The theoretical area possible per CU is really an odd number, I'd rather look at just the whole chip, and more CUs is NOT the answer, it would do nothing at all for performance (in graphics).
And there it's obvious Tahiti is just bad compared to its siblings, Cape Verde -> Pitcairn gets you ~80% more performance for roughly ~80% larger chip (slightly better scaling in fact). Pitcairn -> Tahiti gets you for another 70% area only ~40% more performance. And as was mentioned power efficiency decreases alongside the perf/area decrease. A "triple-CapeVerde" would be only about ~300mm² and be just as fast (and that's even taking into account that scaling might be slightly worse than CV->Pitcairn).
 
One thing is for sure- given NVIDIA's obvious ability to design better architectures, and if AMD doesn't fix the failures with Tahiti, then Maxwell's version of Titan will be even more painful for AMD- either the performance gap between the top solutions will be bigger, or NV will achieve same performance gaps with smaller chips and will earn tons of more money
 
One thing is for sure- given NVIDIA's obvious ability to design better architectures
Really?

I see different, I don't see better. There are legitimate arguments to indicate that the tradeoffs made for Keplar are a blind alley and they will need to bias back for future gen.
 
One thing is for sure- given NVIDIA's obvious ability to design better architectures, ...
I'm wrecking my brain trying to see the 'obvious' in your statement.
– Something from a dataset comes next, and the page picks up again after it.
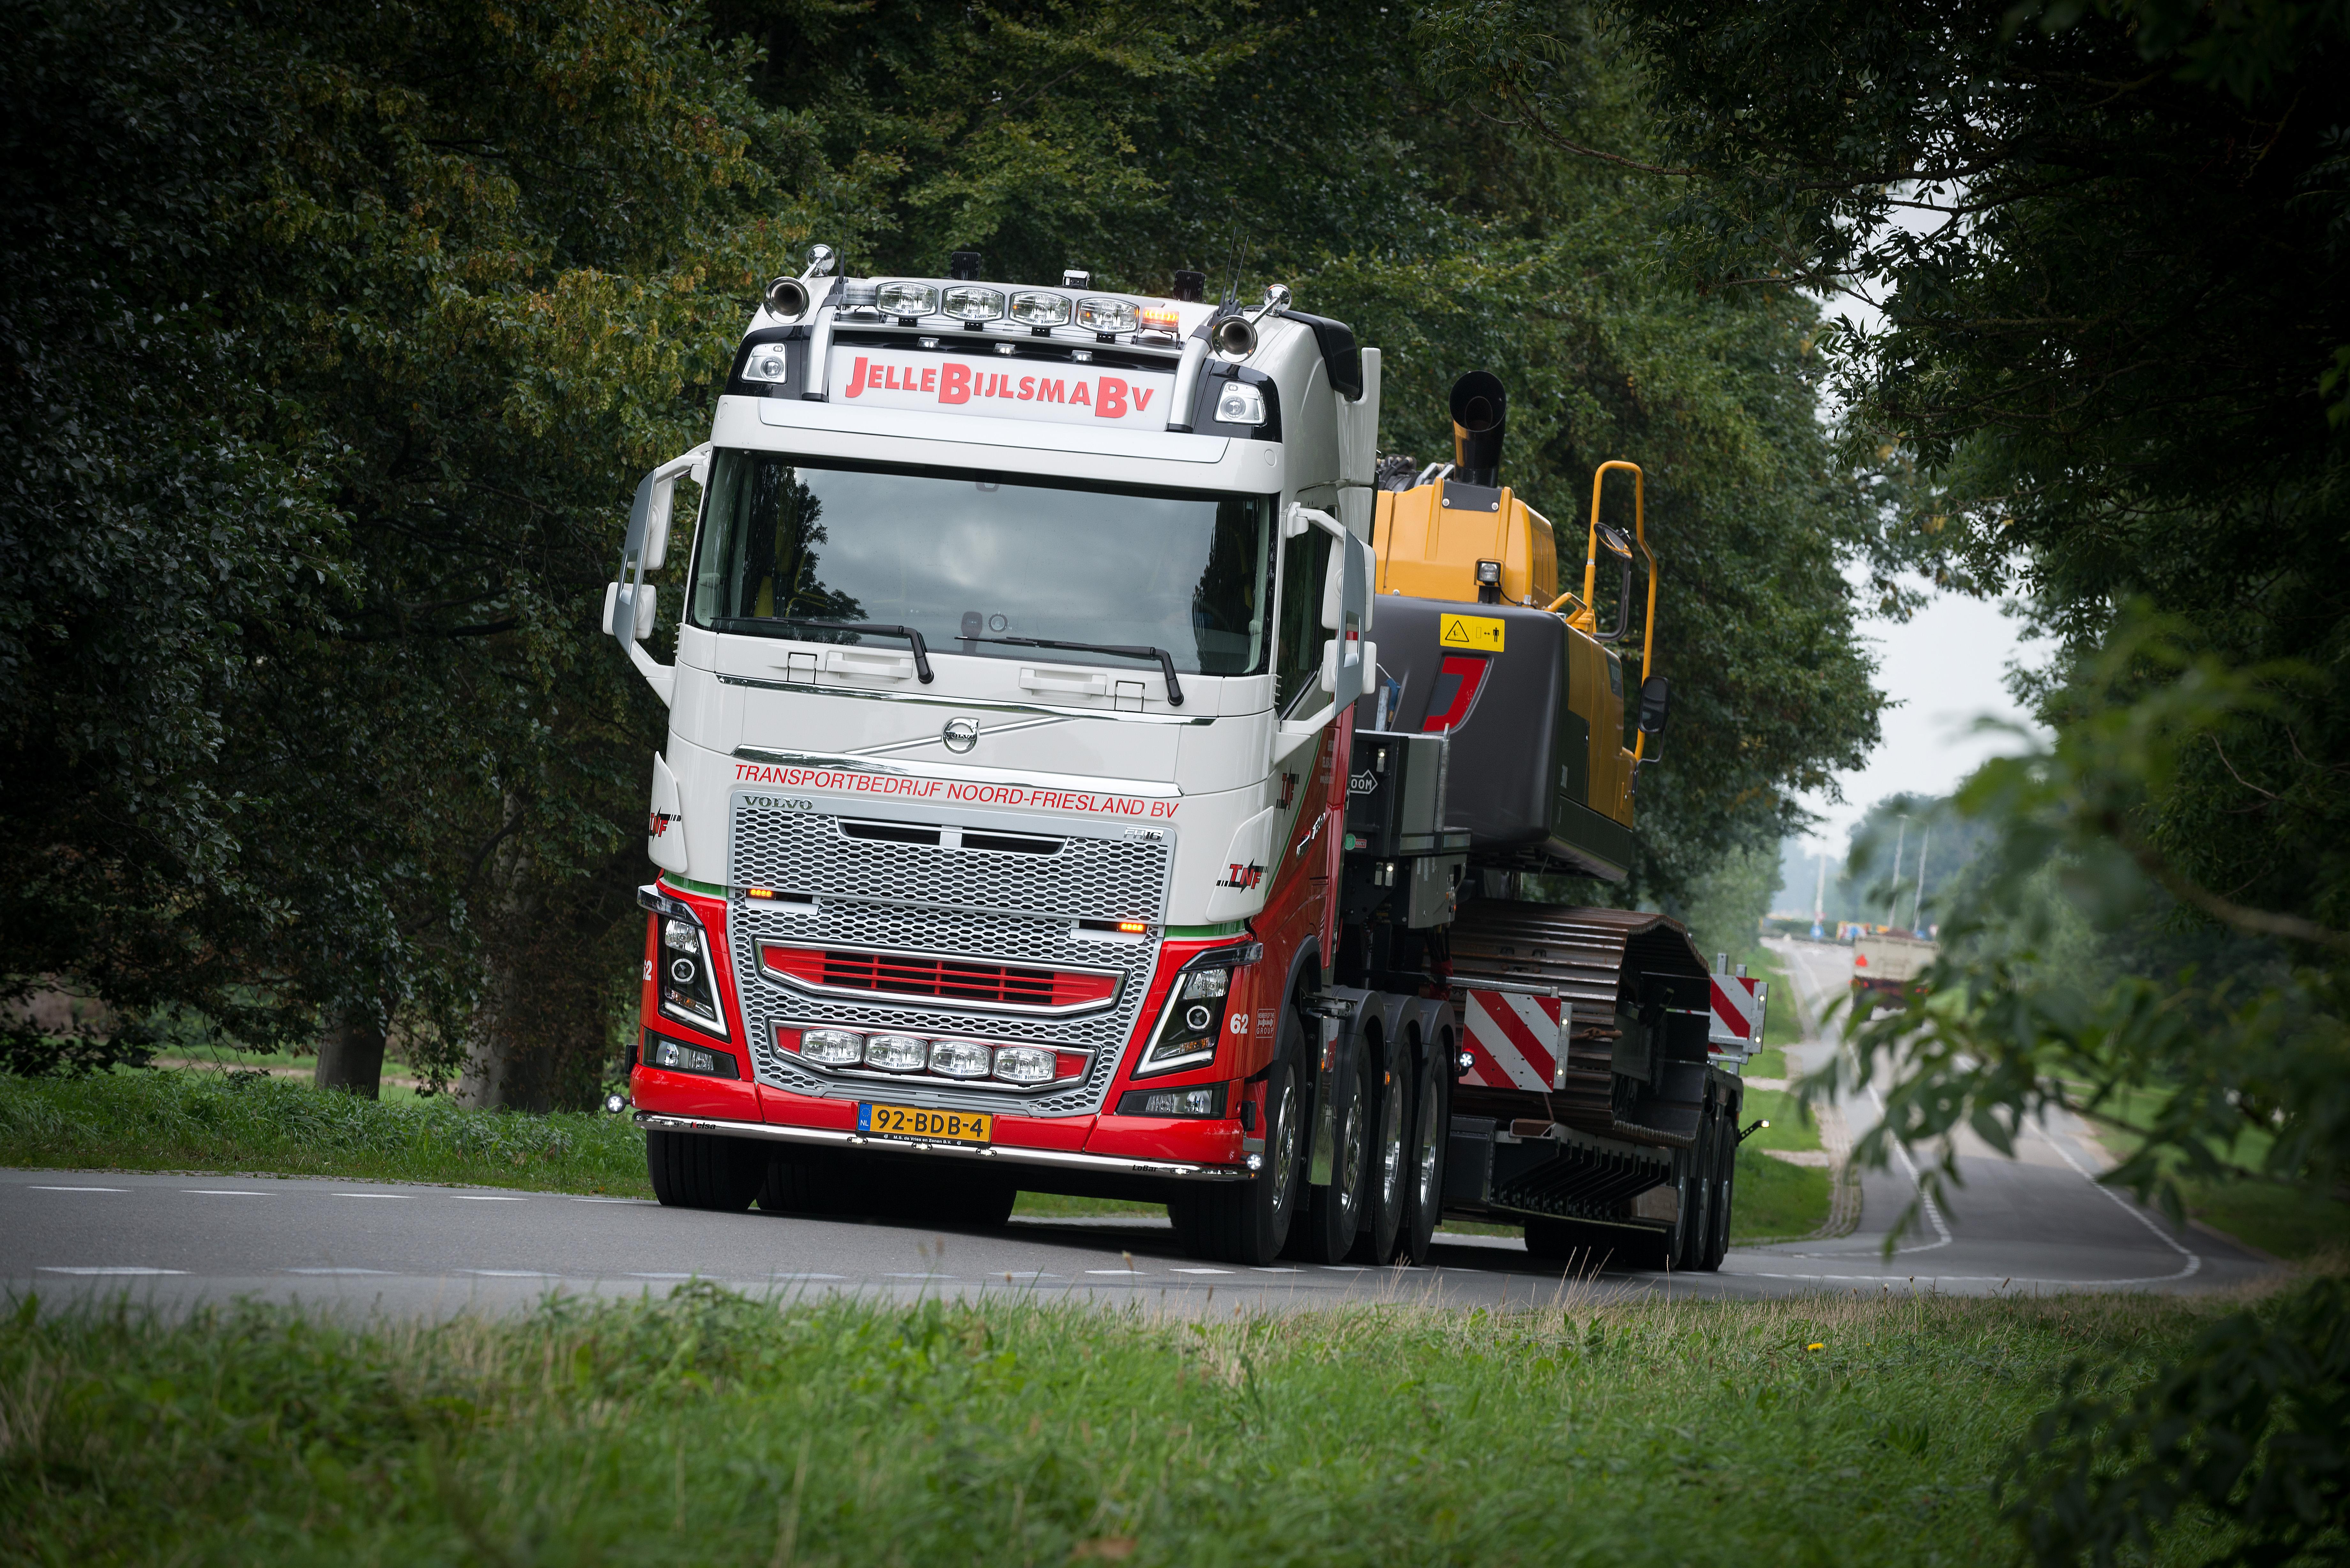 <p>Het machinevervoer organiseert Jelle Bijlsma ook zelf onder de naam Transportbedrijf Noord Friesland.</p>

The GCN and Kepler architectures have their strengths and weaknesses, but, compensating for DP capability, they're pretty similar in performance.
7970 has some minor issues in the power consumption department, but optimal power is often the first thing to fly out of the window when schedule is at risk. (Especially when the part isn't scheduled to have a parallel life in a laptop?) If there's another 28nm iteration, I expect this to be one of the things that will be fixed.
 
One thing is for sure- given NVIDIA's obvious ability to design better architectures, and if AMD doesn't fix the failures with Tahiti, then Maxwell's version of Titan will be even more painful for AMD- either the performance gap between the top solutions will be bigger, or NV will achieve same performance gaps with smaller chips and will earn tons of more money

How is making notably bigger "gaming only" chip "obvious ability of designing better architectures"?